**Problem:** A verbatim copy of the listing is what is needed, minus any pictures.

**Provided data:**
═══

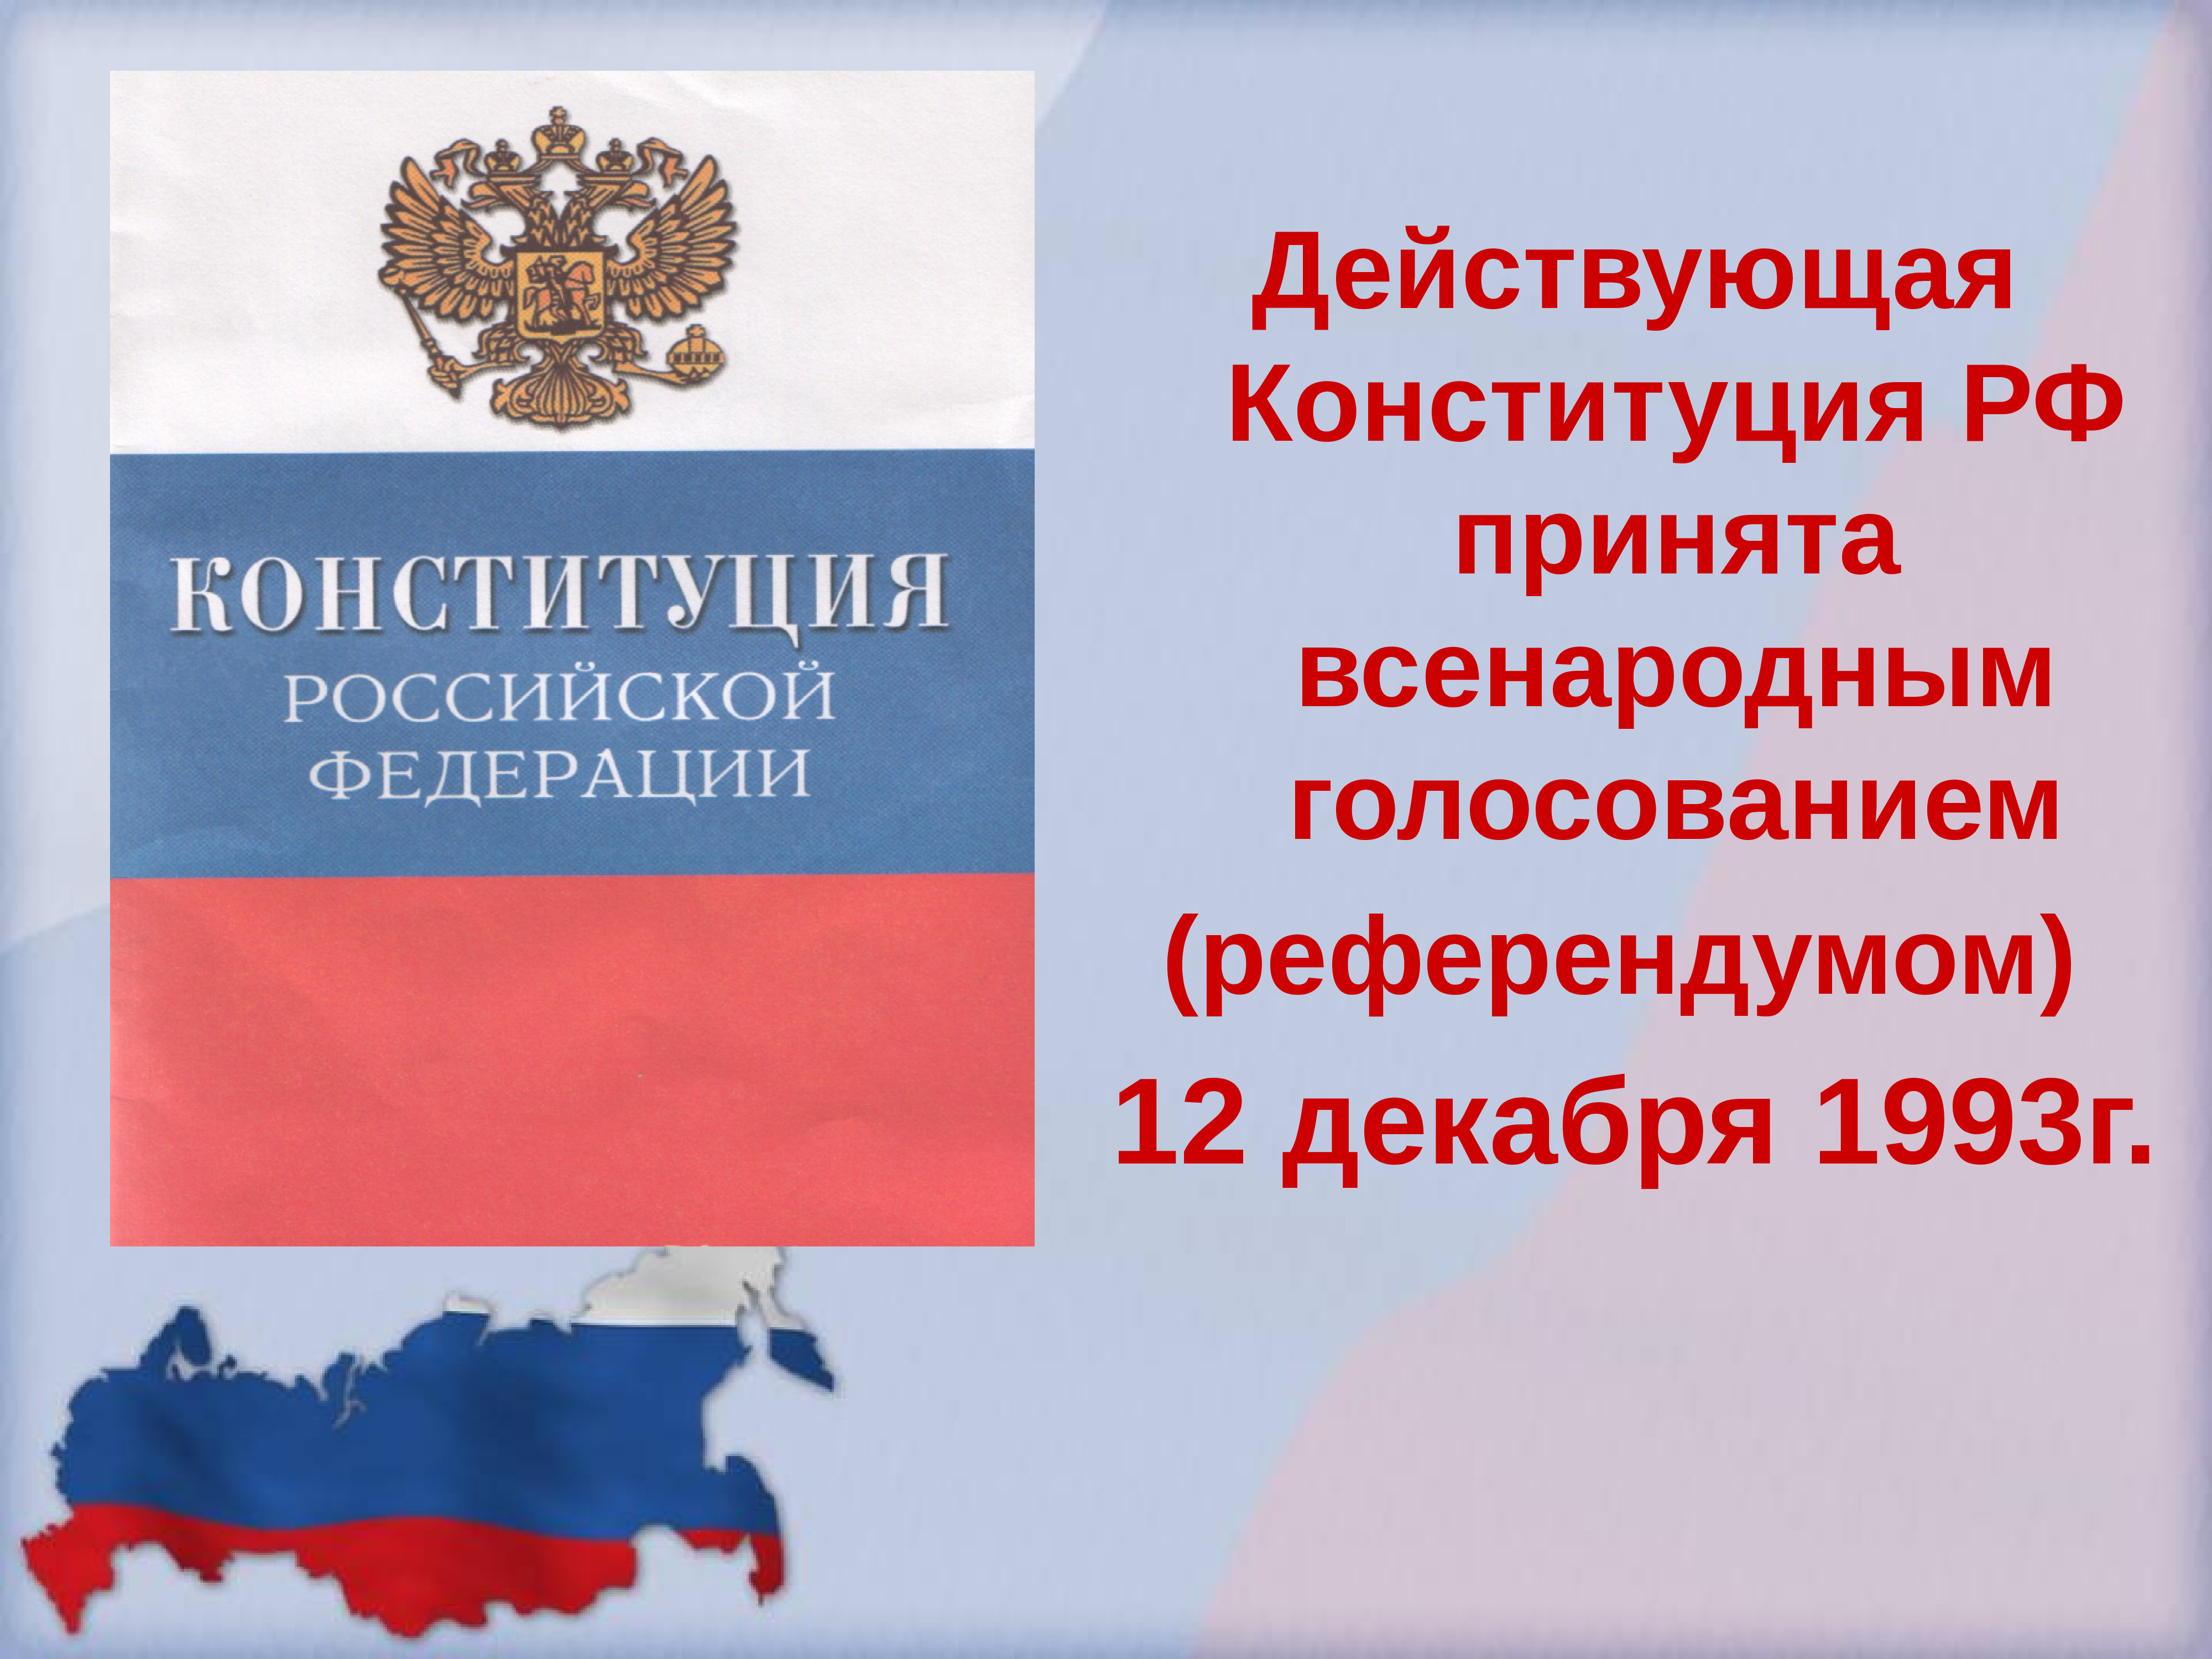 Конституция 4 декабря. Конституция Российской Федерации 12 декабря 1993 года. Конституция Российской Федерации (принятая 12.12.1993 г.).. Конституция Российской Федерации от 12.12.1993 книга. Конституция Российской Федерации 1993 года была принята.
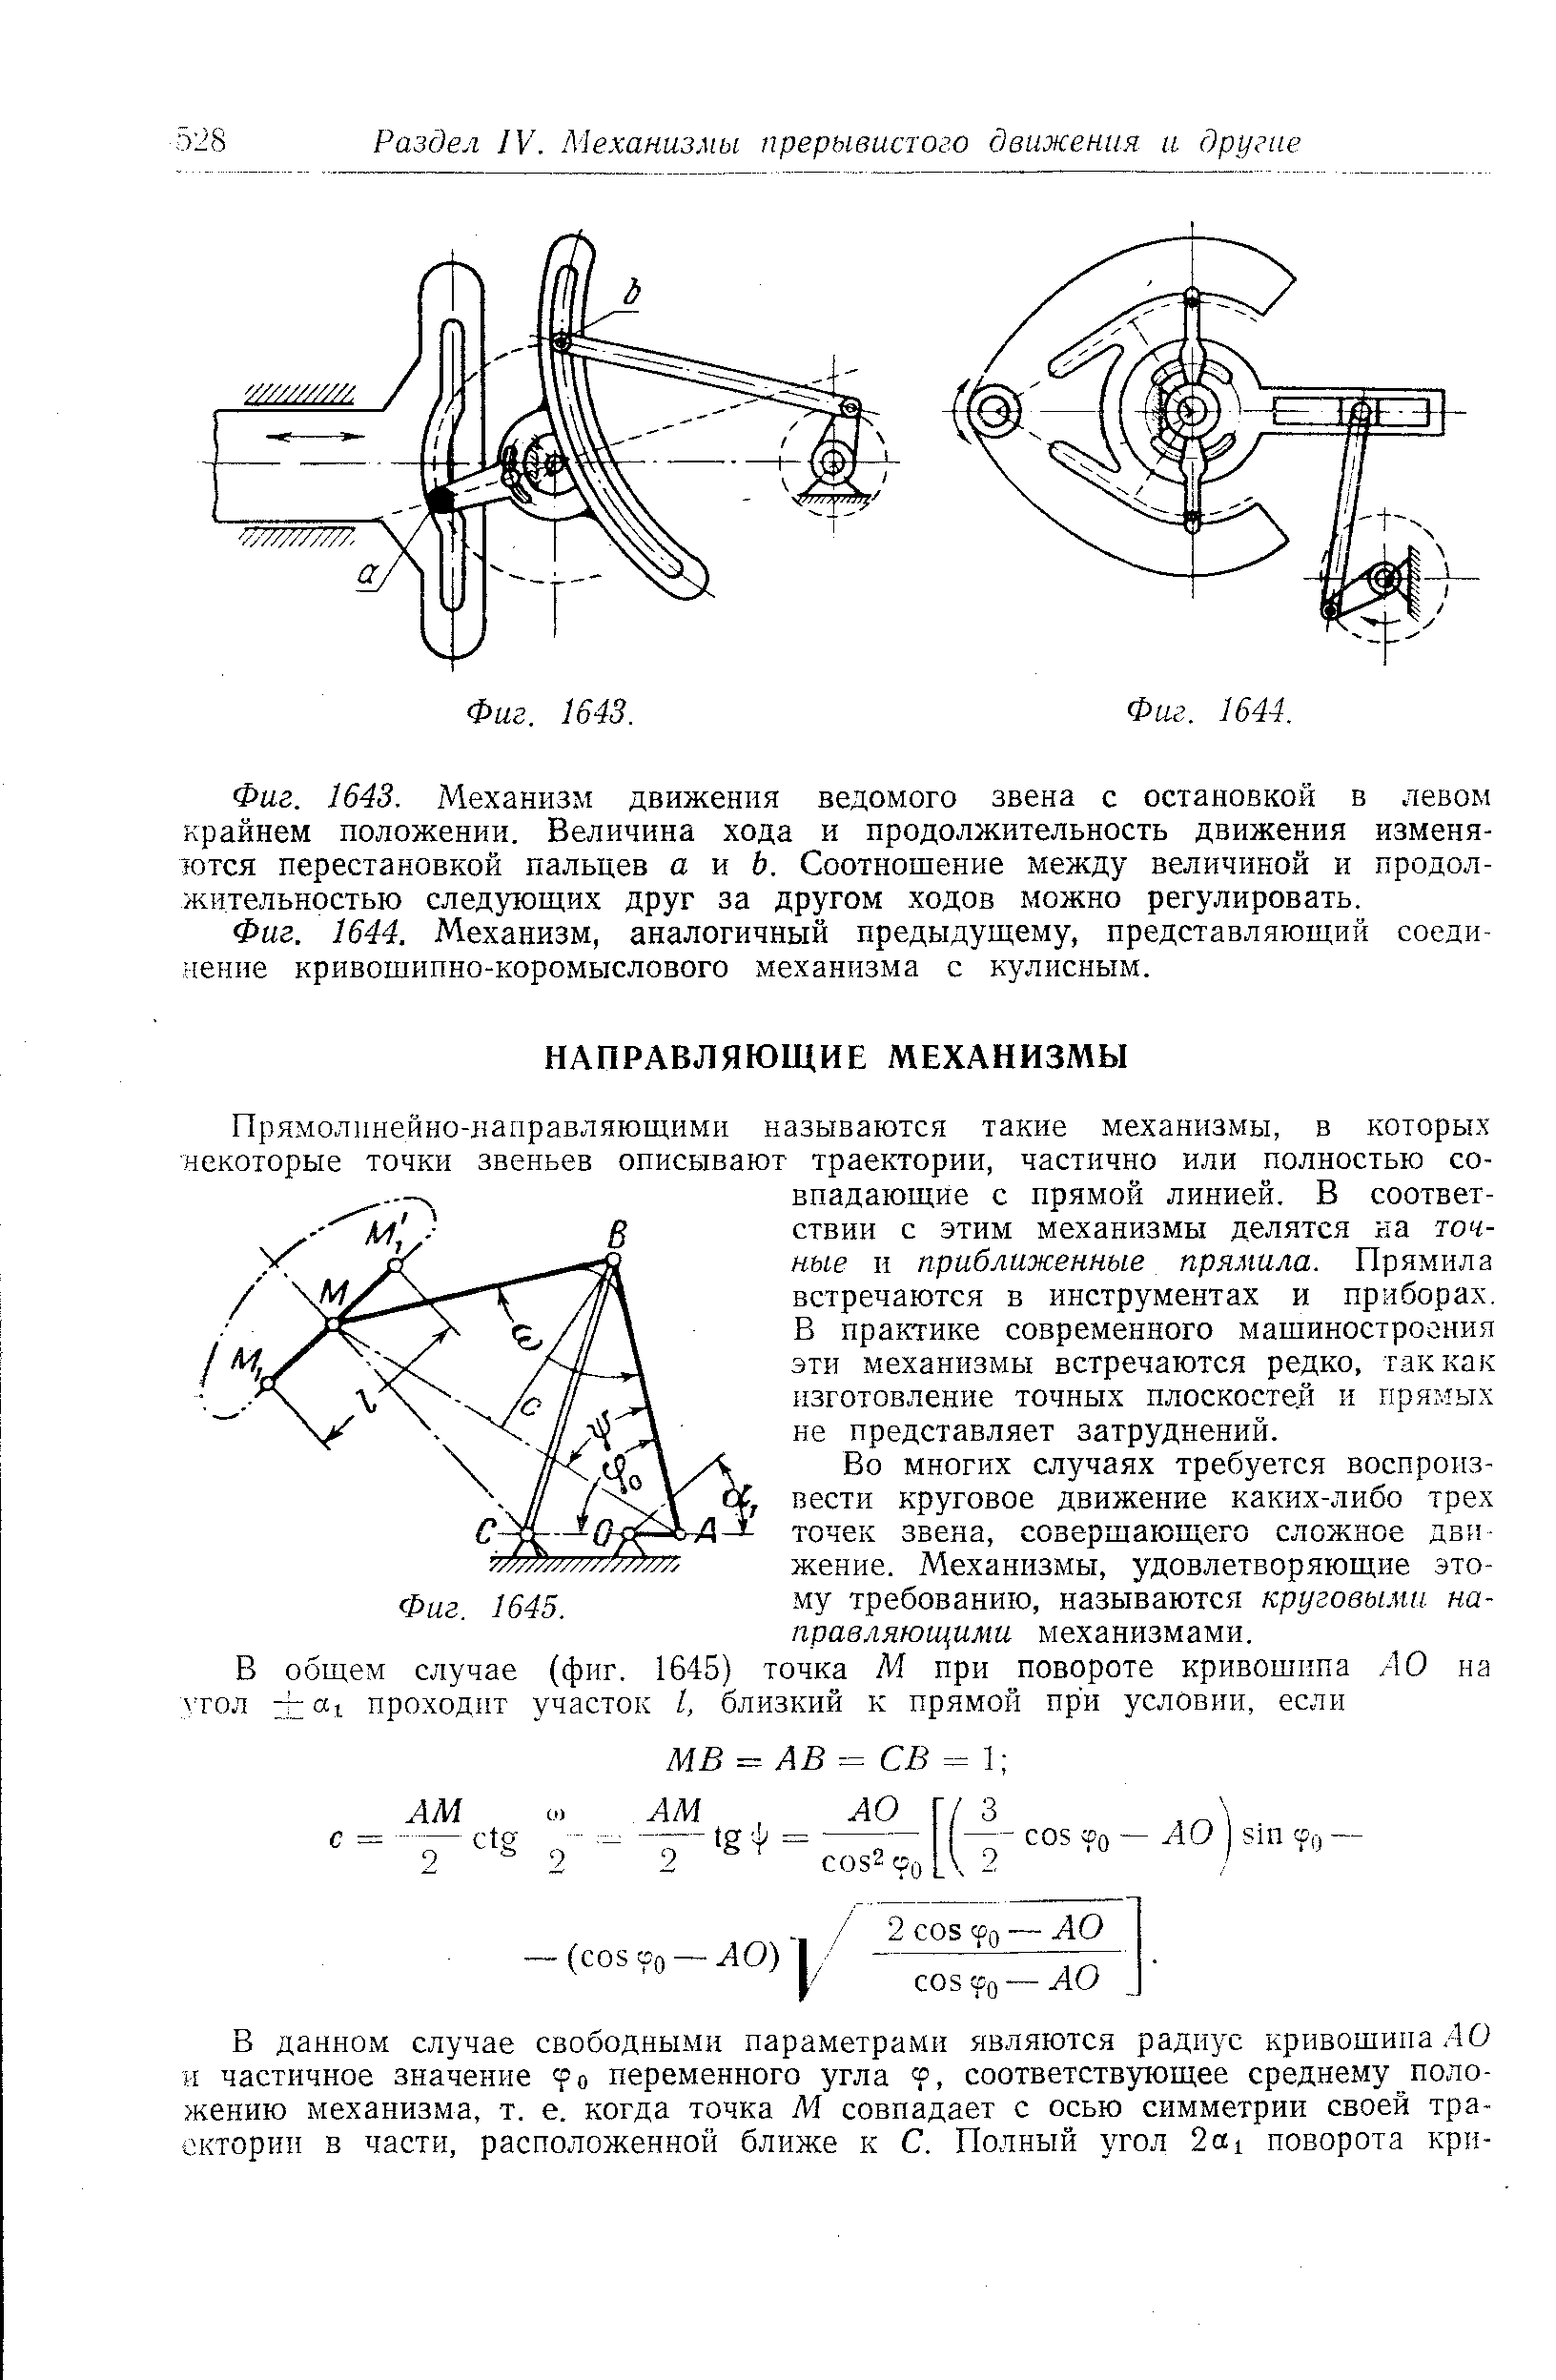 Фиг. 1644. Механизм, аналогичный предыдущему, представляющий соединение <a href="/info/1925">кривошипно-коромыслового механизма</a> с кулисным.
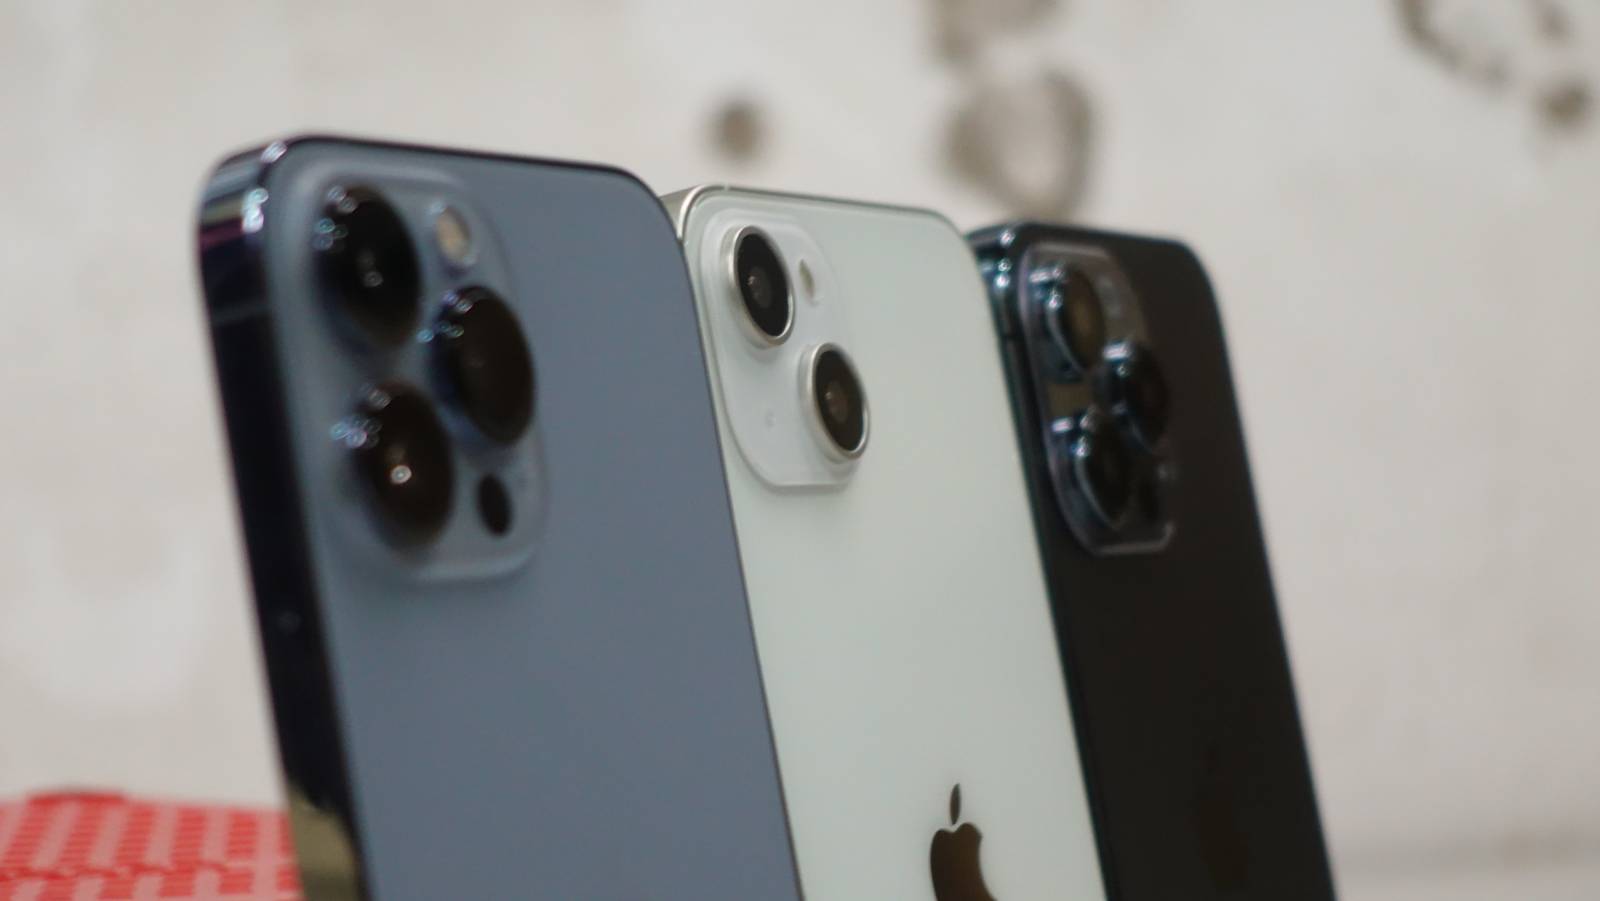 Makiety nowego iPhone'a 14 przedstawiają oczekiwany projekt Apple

═══

**Expected answer:**
 Конституция 4 декабря. Конституция Российской Федерации 12 декабря 1993 года. Конституция Российской Федерации (принятая 12.12.1993 г.).. Конституция Российской Федерации от 12.12.1993 книга. Конституция Российской Федерации 1993 года была принята.
 Фиг. 1644. Механизм, аналогичный предыдущему, представляющий соединение <a href="/info/1925">кривошипно-коромыслового механизма</a> с кулисным.
 Makiety nowego iPhone'a 14 przedstawiają oczekiwany projekt Apple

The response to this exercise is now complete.